▶ **PROBLEM STATEMENT**:
This exercise requires an exact output of the listing, images omitted.

▶ **DATASET EXTRACT**:
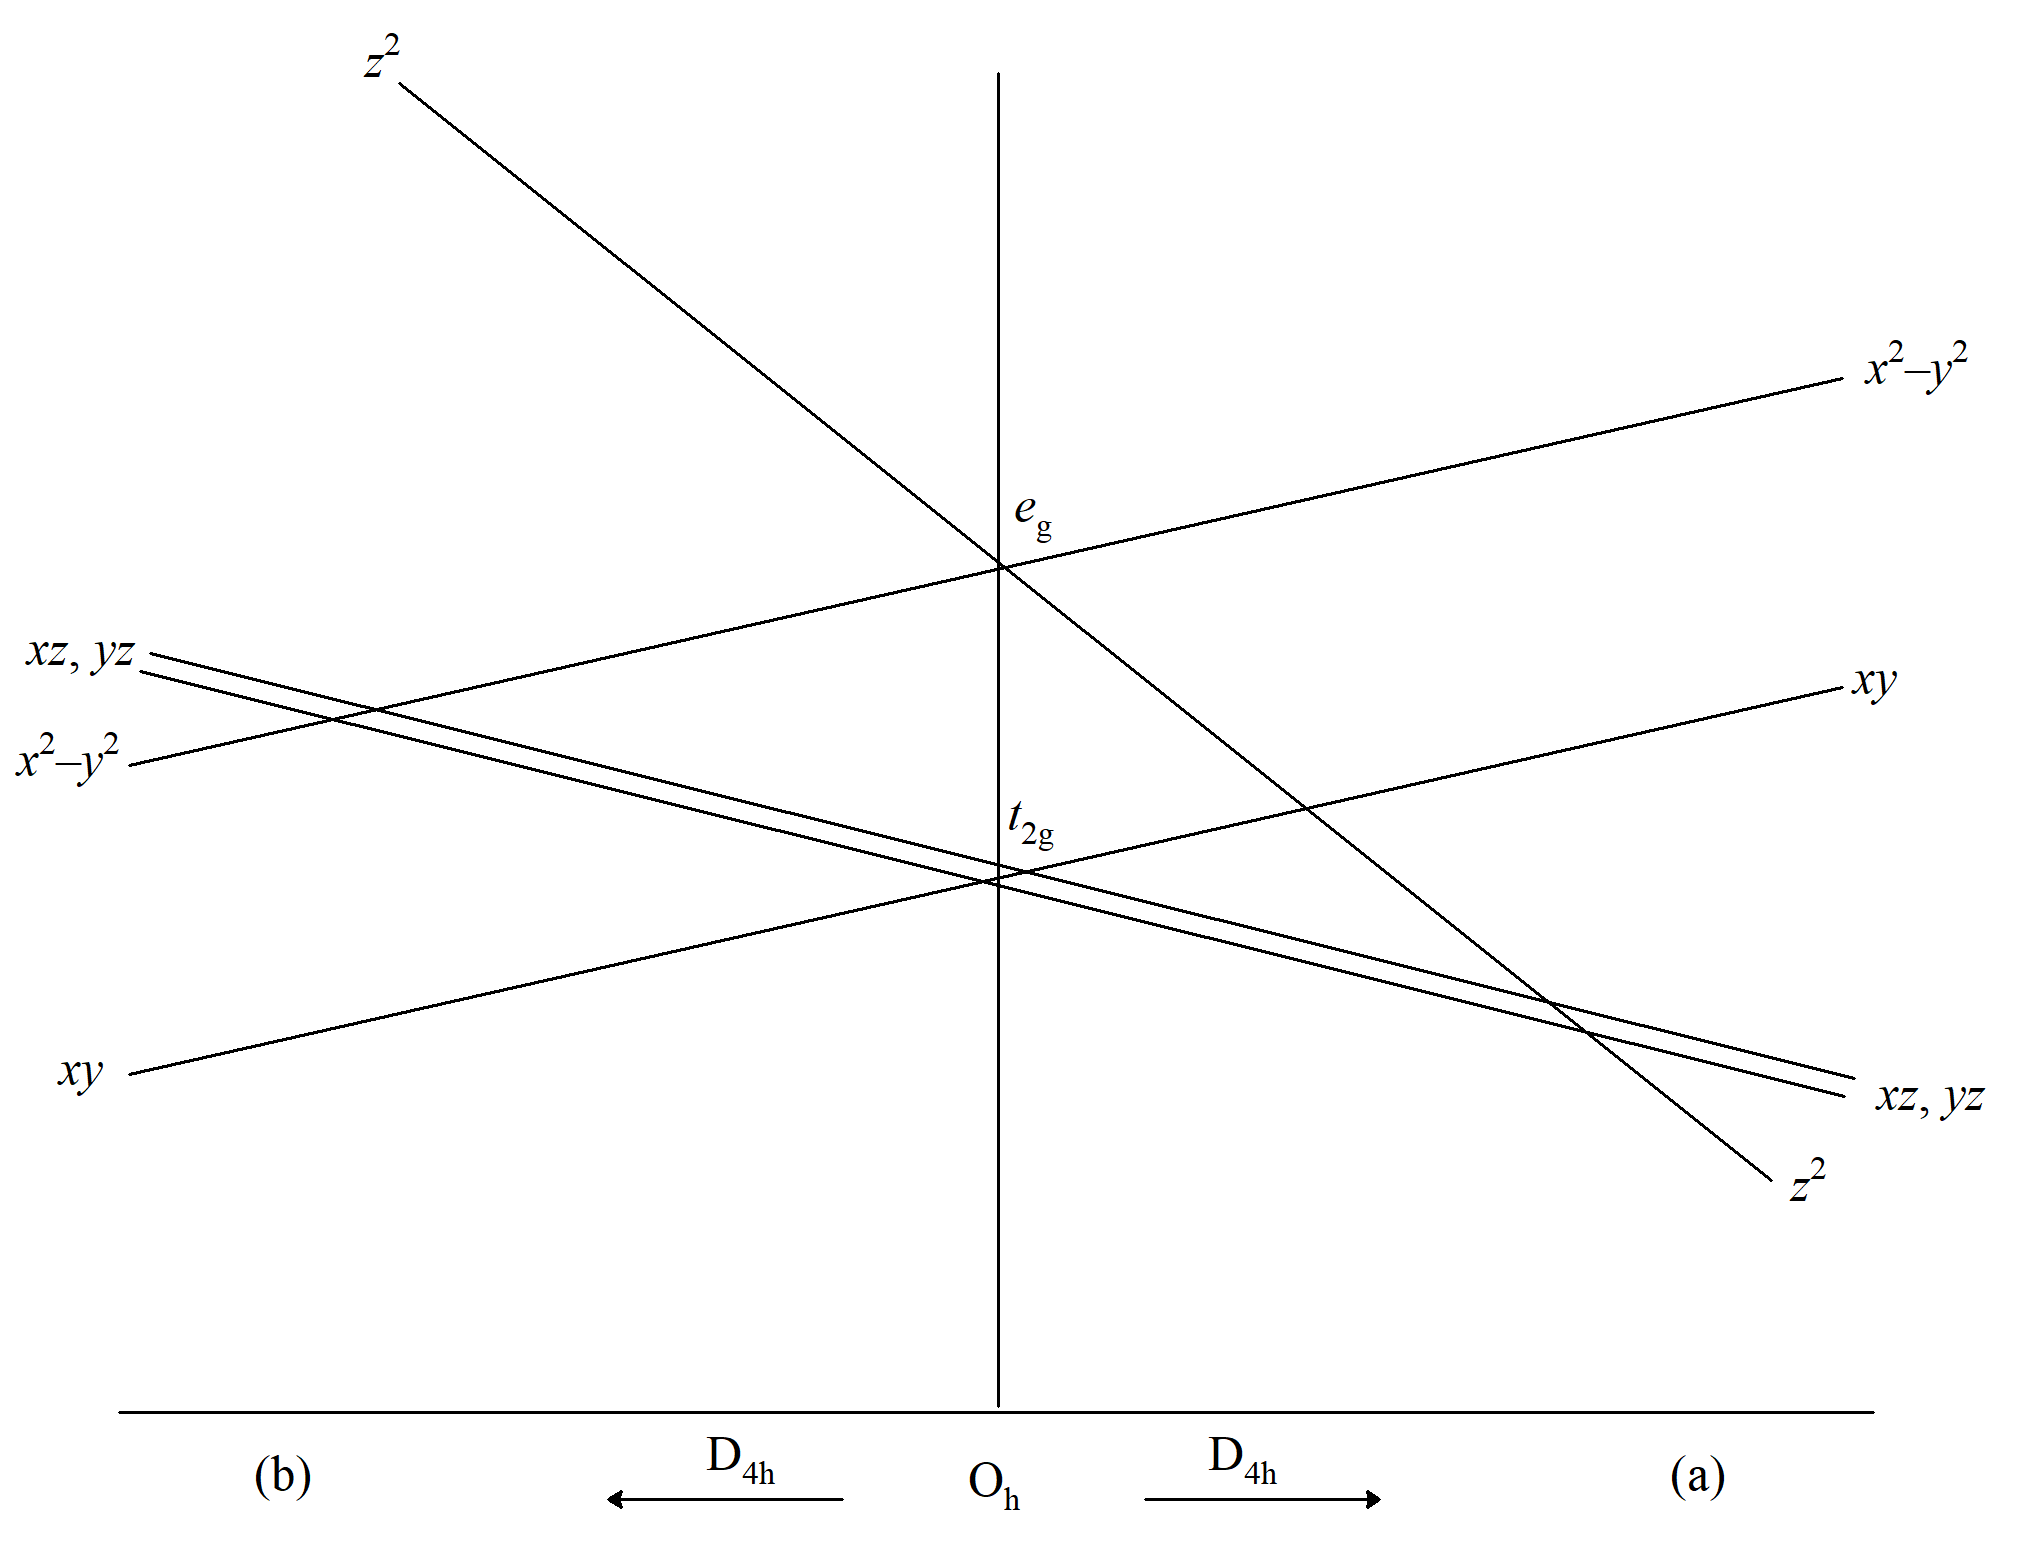 Wpływ zniekształcenia tetragonalnego na poziomy energii w polu oktaedrycznym, (a) wydłużenie wzdłuż osi z; (b) wydłużenie w płaszczyźnie xy.
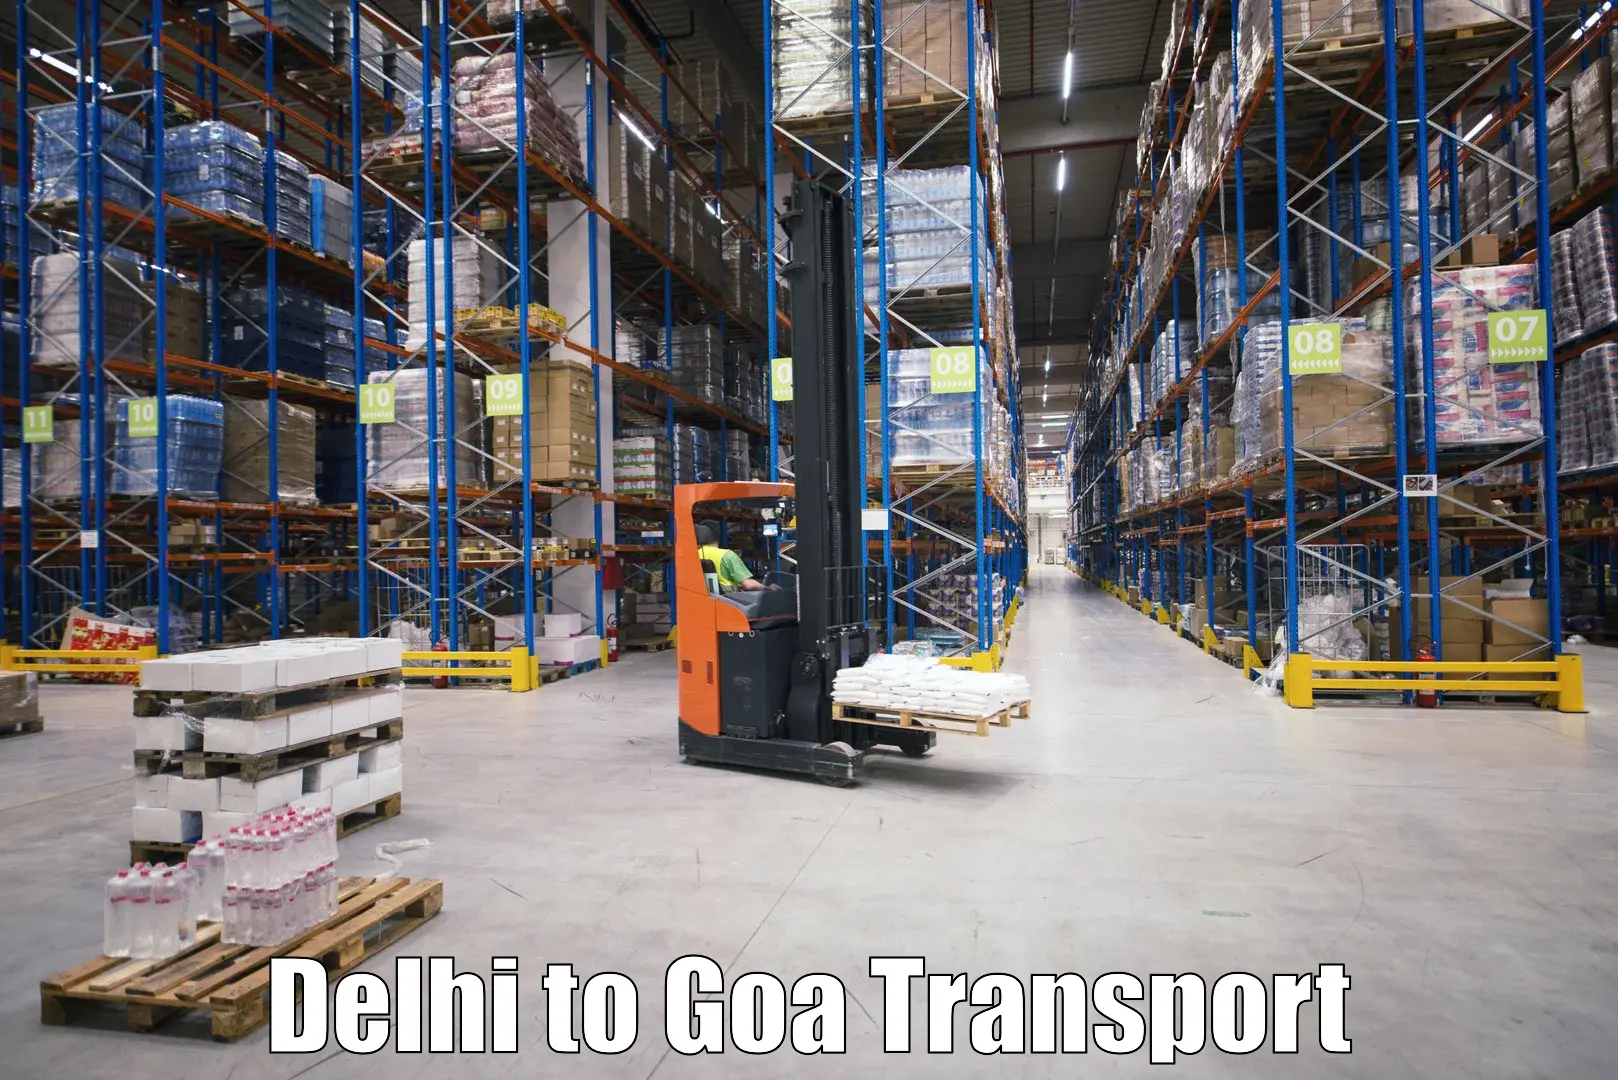 Nearby transport service Delhi to Canacona
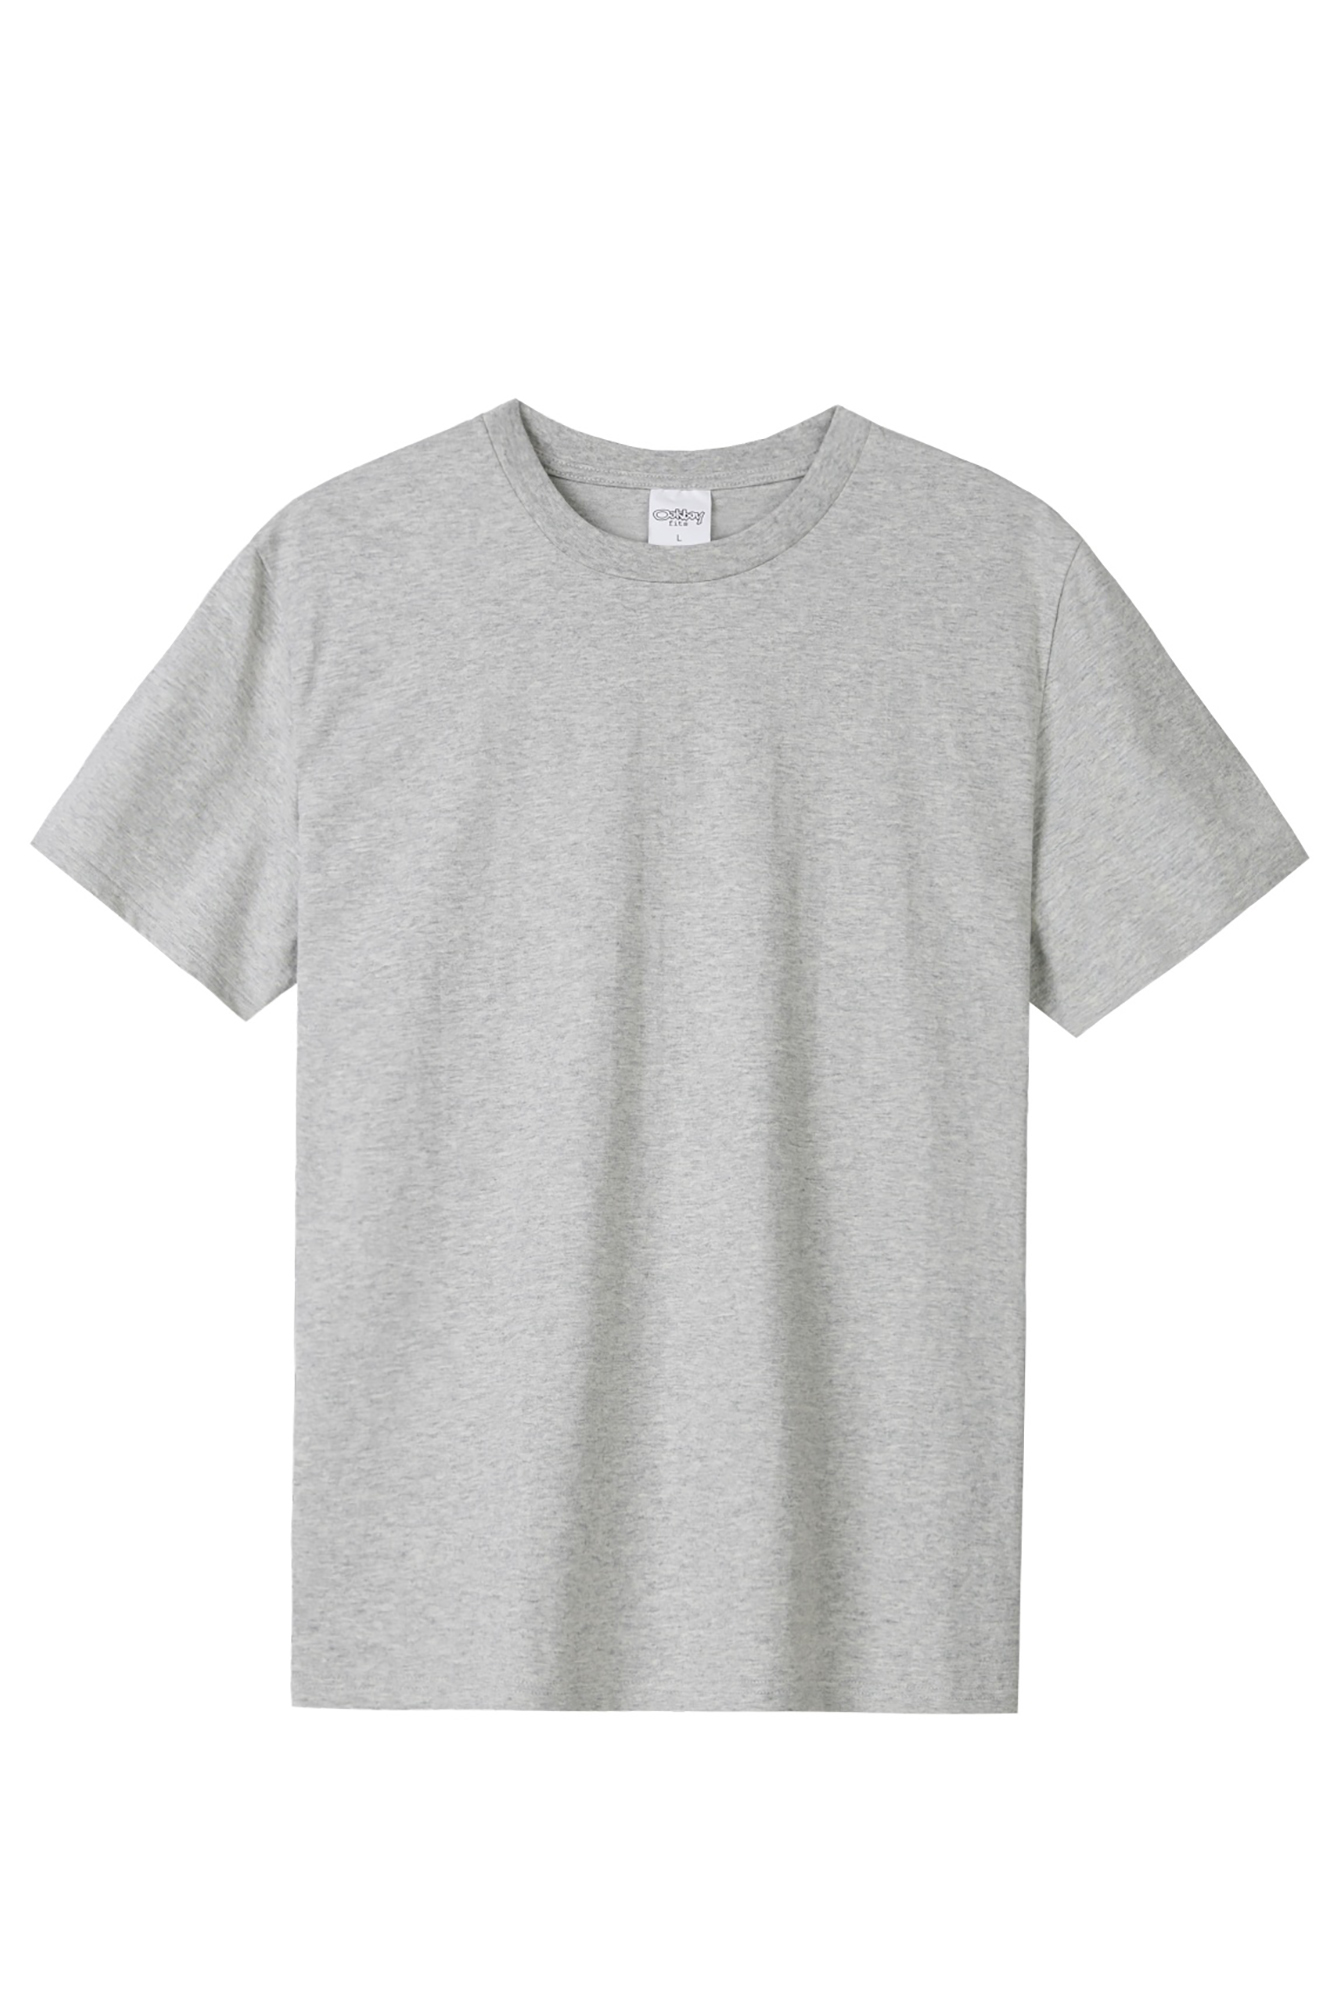 Wholesale Premium Basic Solid T-Shirts - Unisex

▶ **PROBLEM SOLUTION**:
 Wpływ zniekształcenia tetragonalnego na poziomy energii w polu oktaedrycznym, (a) wydłużenie wzdłuż osi z; (b) wydłużenie w płaszczyźnie xy.
 Nearby transport service Delhi to Canacona
 Wholesale Premium Basic Solid T-Shirts - Unisex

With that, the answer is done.